### TASK PROMPT:
In your copy of the data, include no pictures and alter nothing else.

### RAW DATA:
================================
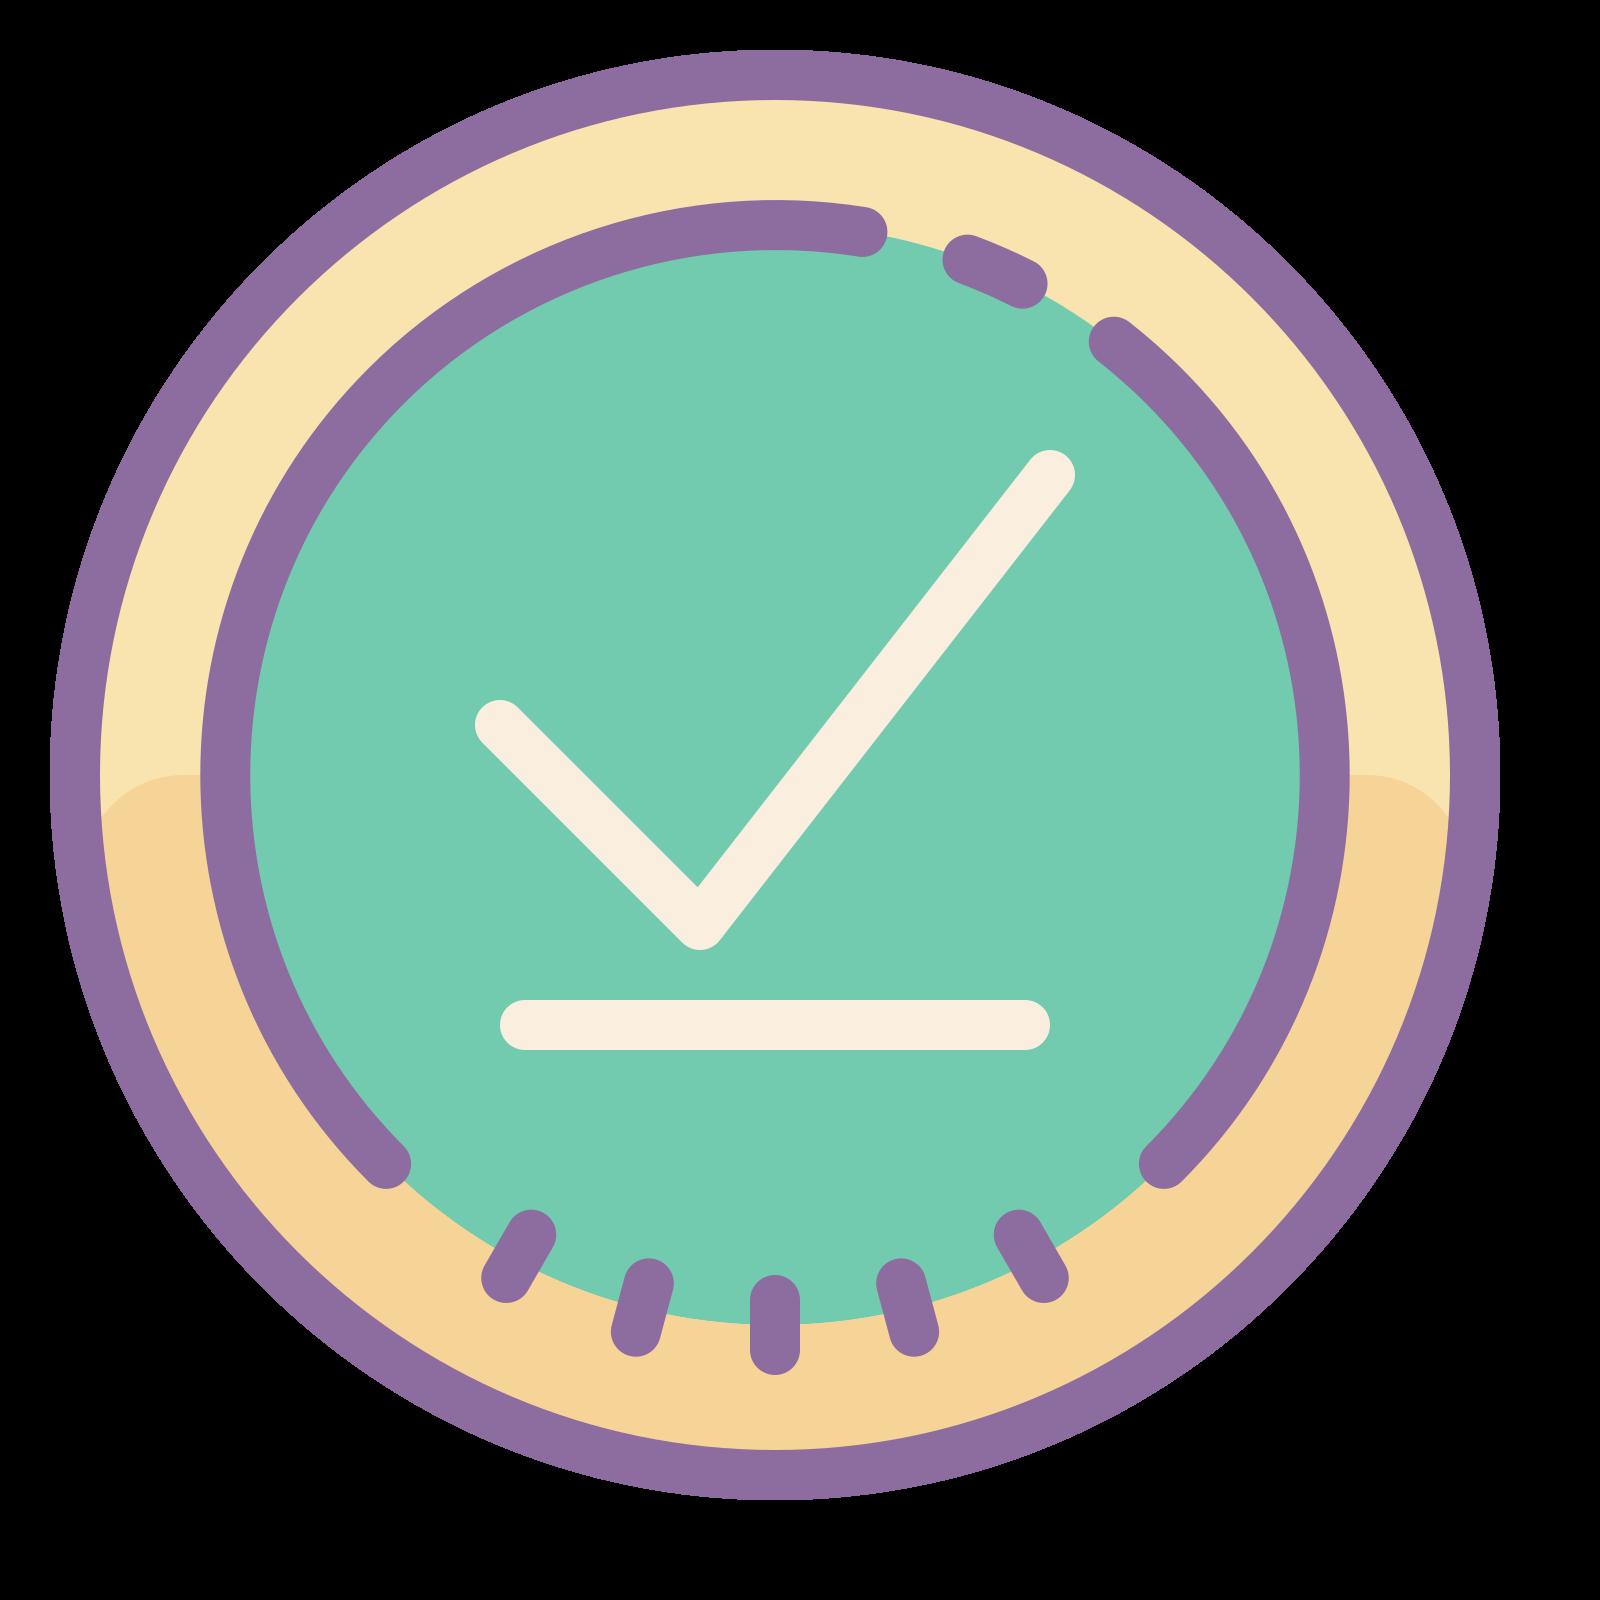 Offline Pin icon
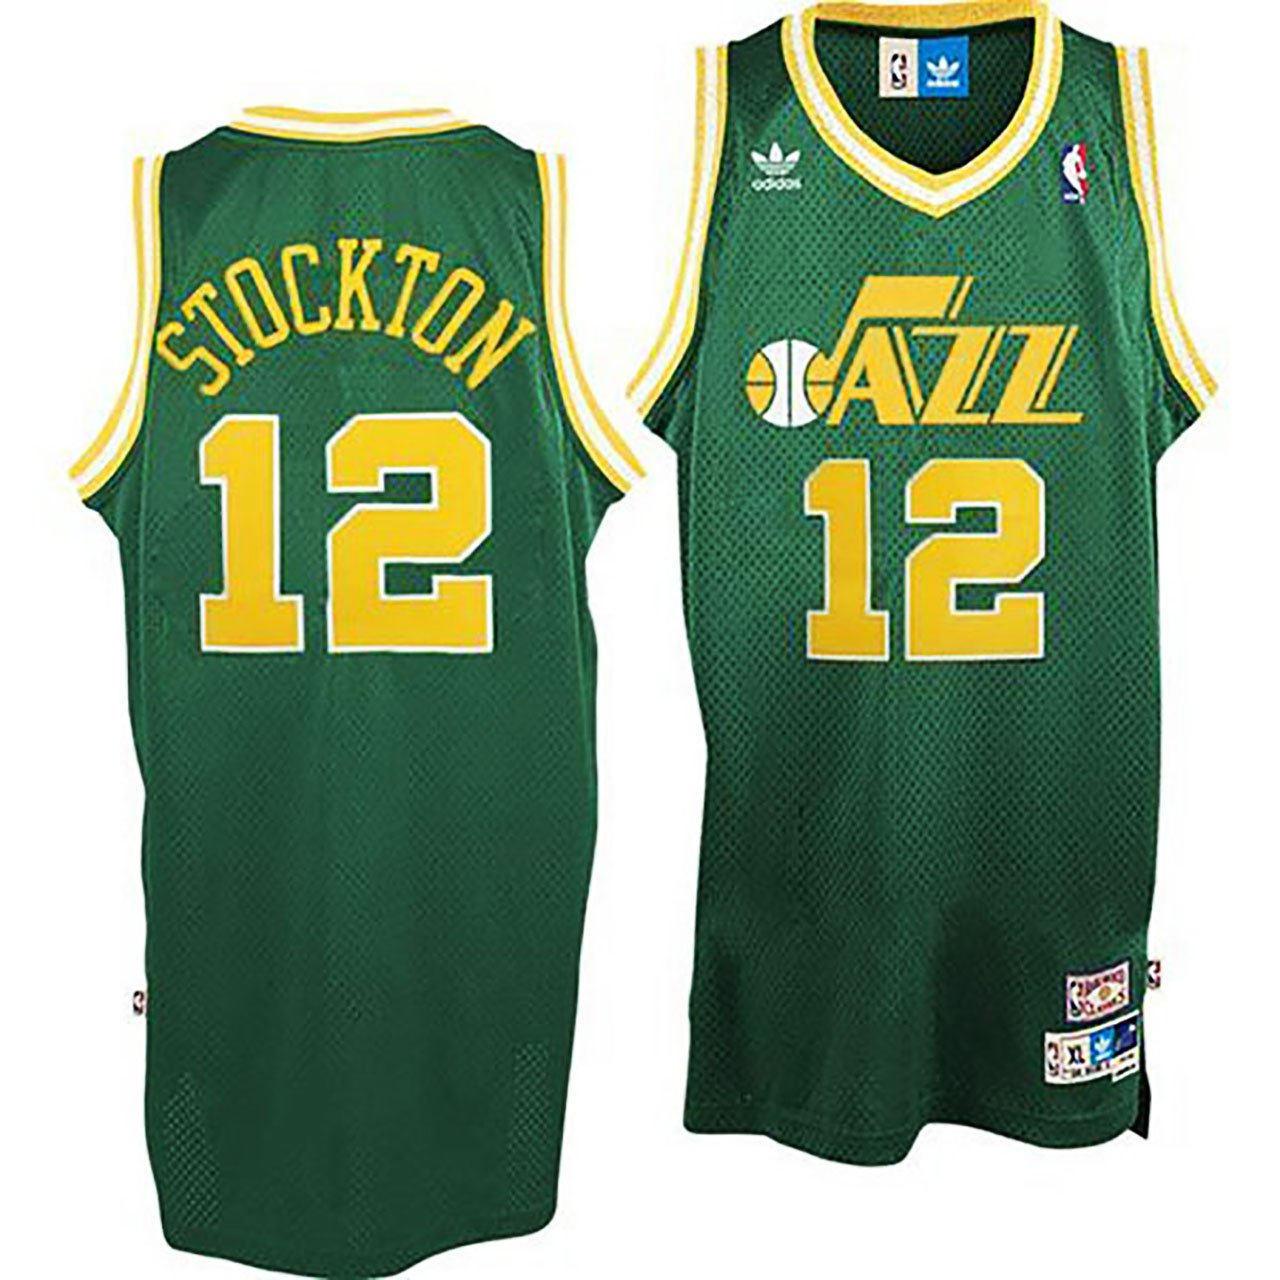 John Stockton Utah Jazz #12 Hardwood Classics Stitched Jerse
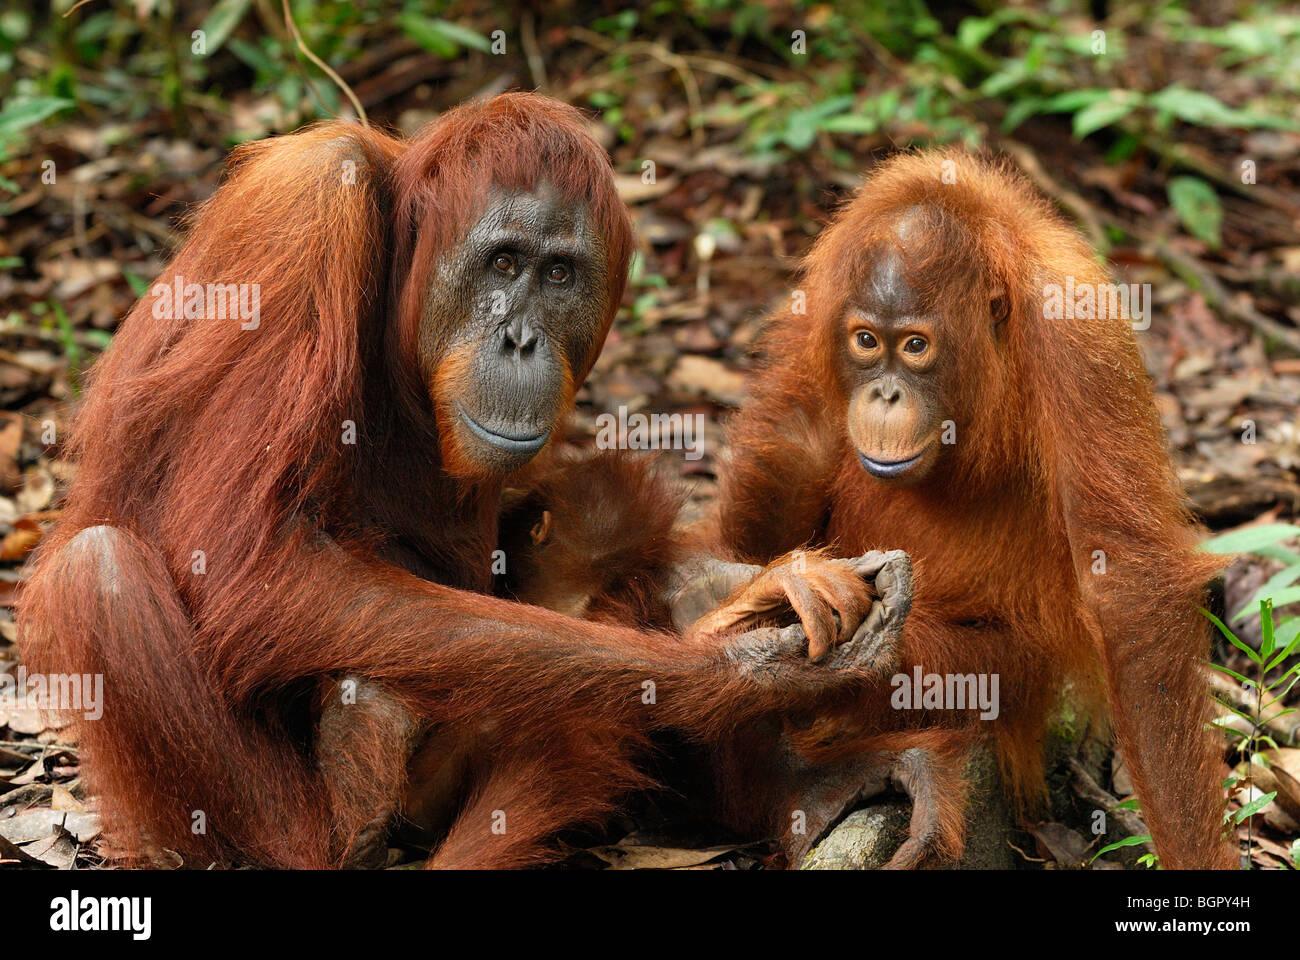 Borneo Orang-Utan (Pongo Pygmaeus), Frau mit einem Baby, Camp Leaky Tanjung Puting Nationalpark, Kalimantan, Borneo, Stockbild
================================
### RESPONSE TO THIS EXERCISE:
 Offline Pin icon
 John Stockton Utah Jazz #12 Hardwood Classics Stitched Jerse
 Borneo Orang-Utan (Pongo Pygmaeus), Frau mit einem Baby, Camp Leaky Tanjung Puting Nationalpark, Kalimantan, Borneo, Stockbild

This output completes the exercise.